EBITDA is “Earnings before interest, taxes, depreciation, and amortization”. It’s essentially your net profit with any interest you’ve spent, depreciation you’ve taken, taxes you’ve paid, and amortization added back in. Buyers often add certain “owner perks” like a company vehicle or child care back to the total EBITDA.

What makes a valuable restoration company?


One of the qualifying criteria for a company to sell is $2MM of EBITDA, as there are few institutional investors interested in companies doing less than that in the restoration space. Investors seek scalable and repeatable systems, 3-4 years of consistent growth, and a strong leadership team executing the vision without much owner reliance. Check out this podcast with Jeff Moore, Chief Acquisitions Officer at ATI Restoration, where we dive into what he looks for.

What are the different options I have once I have a valuable restoration company?

If investors are willing to purchase your restoration company in the first place, you’ve built a solid business that others desire. You might want to consider what automating and keeping the company would look like. After all, the company’s profits would go straight to you indefinitely.

This is a less popular option within the restoration space. However, it is well suited for entrepreneurs with a big vision who have a strong company they want to take to the next level. Let’s say you’re doing $10MM with $2MM of EBITDA and have mastered one location within a specific market. You have dreams of going bigger and opening multiple locations; however, you don’t want to strap your business for cash. You’ve been working for a very low salary in the past 10 years and have pretty limited cash personally, which makes you more risk averse. Let’s also assume your company is worth $8MM at this point.

You could sell 33% of the company to an investor and take $2.6MM home to ensure you have a personal runway and can send your kids to college. Then, you would have the investor partner by injecting $1MM into the company for growth and expansion efforts. You’d then continue growing the company to $20MM – $30MM, and you and the investor would both have a grand exit.

The only difference between this and option #2 is that you sell a higher % of the company (80%) and, therefore, have less control of the trajectory.

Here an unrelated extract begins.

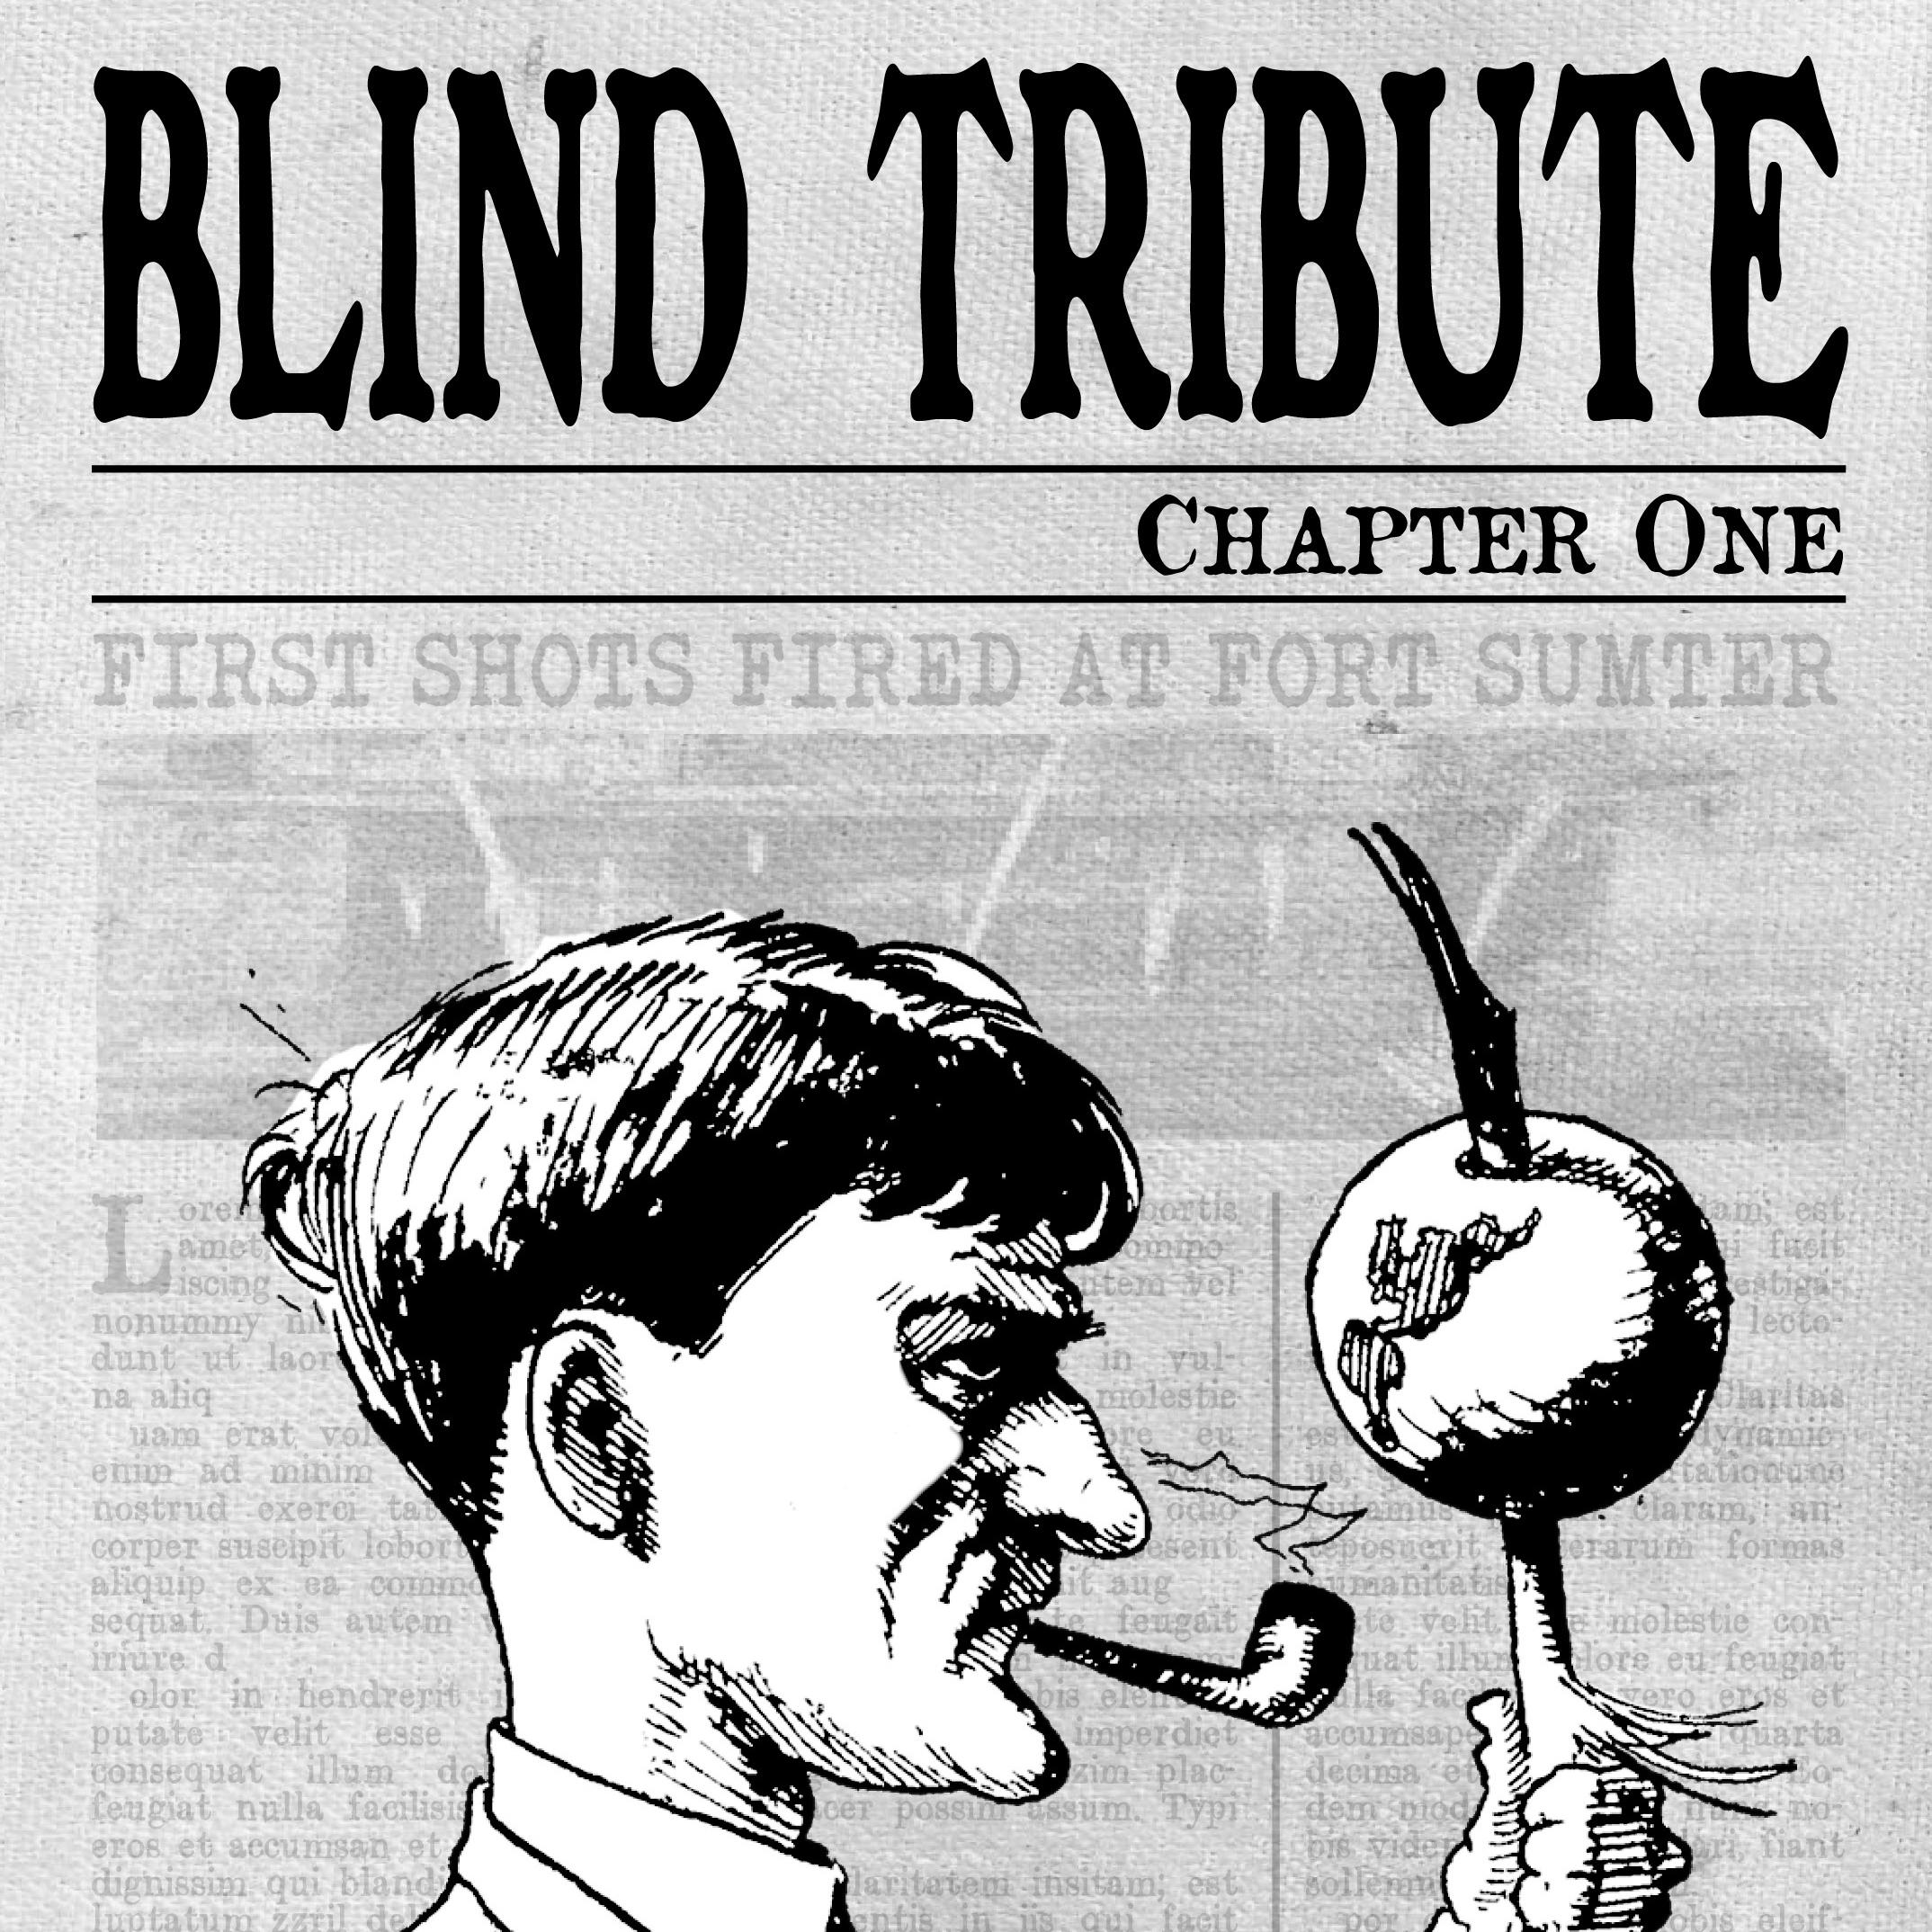 Blind Tribute
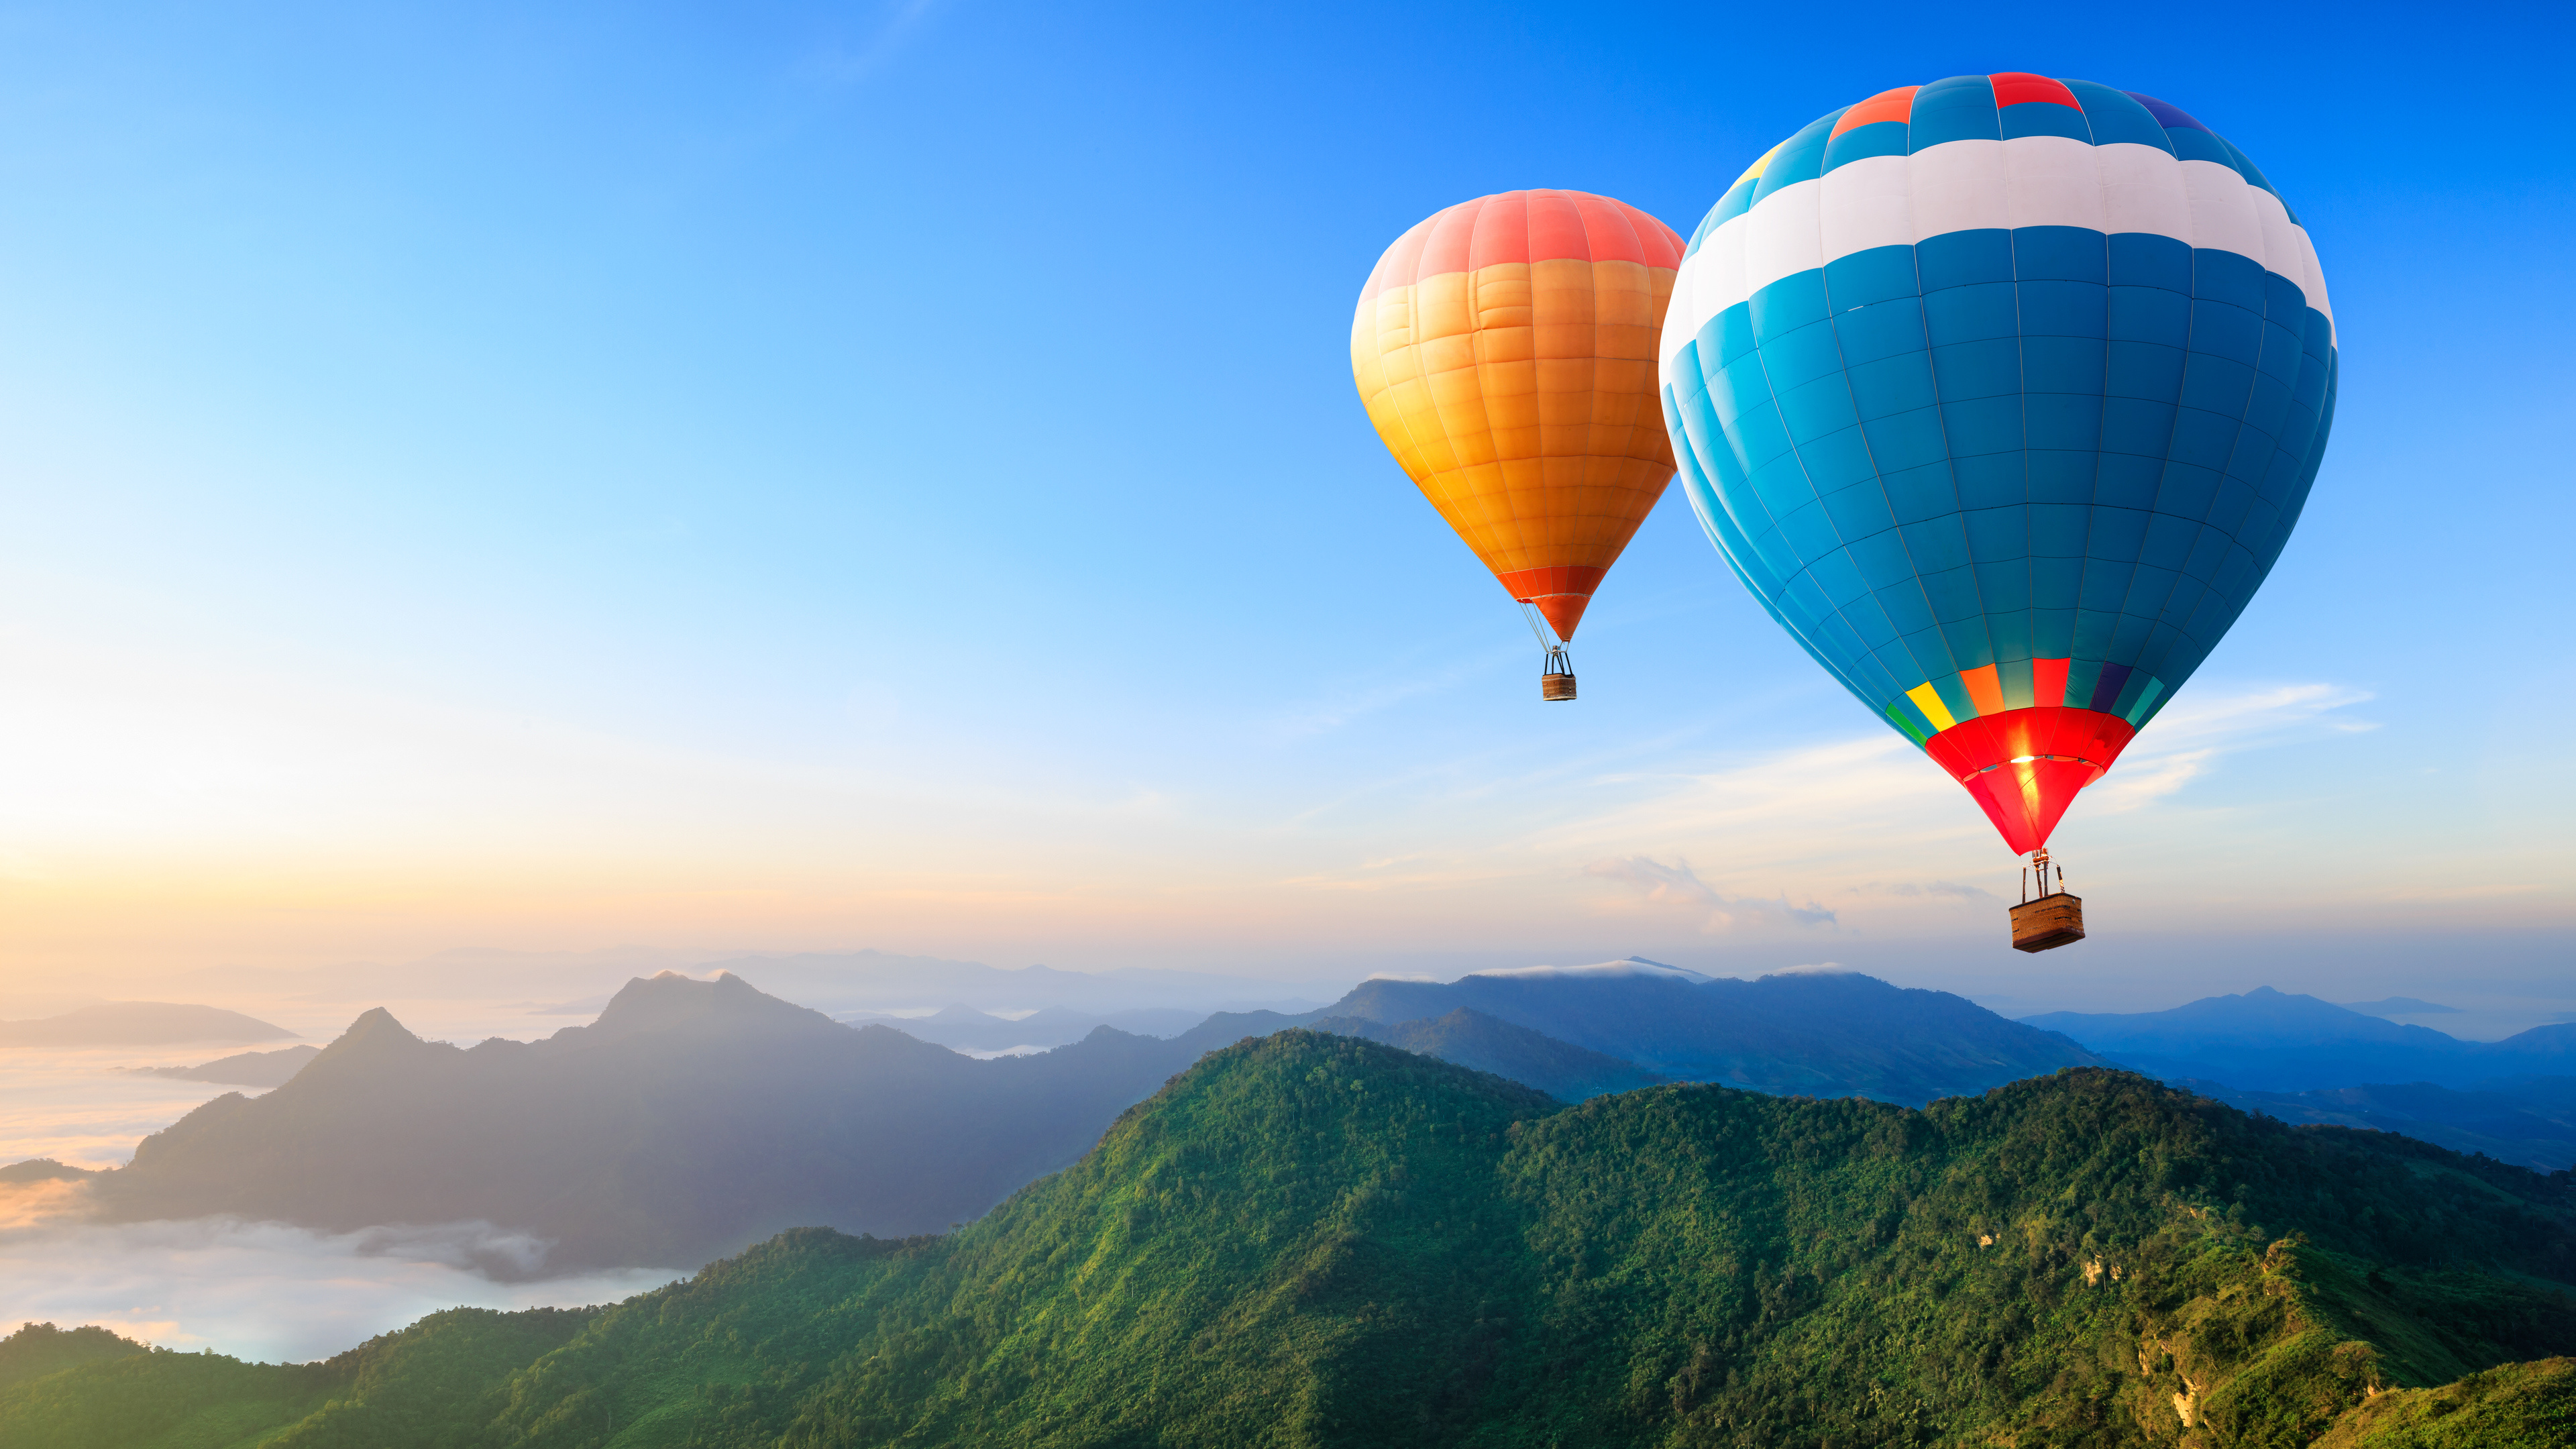 Hot Air Balloon 4k, HD Nature, 4k Wallpapers, Images ...

The investor would then become the majority owner and push the company forward. You’d still have stakes and execute the vision. However, you wouldn’t have as much risk.

Finally, you could always throw in the towel and sell the company entirely. You may need to commit to staying on during a 12-24-month transition period; however, once that’s over, you’re on to the next venture.


A final word of advice:


Anytime you’re dealing with a potential sale or financing of a company, you always want to come from a position of strength. While the decision is the most challenging, the best time to consider selling your company is when it’s too good to sell to someone else. That is when you’ll have multiple investors offering, and you have maximum leverage as you can always walk away from a deal.

If you have a poorly managed company with less than $2MM EBITDA, you might be unable to sell the company for more than the cash you’ve put into it.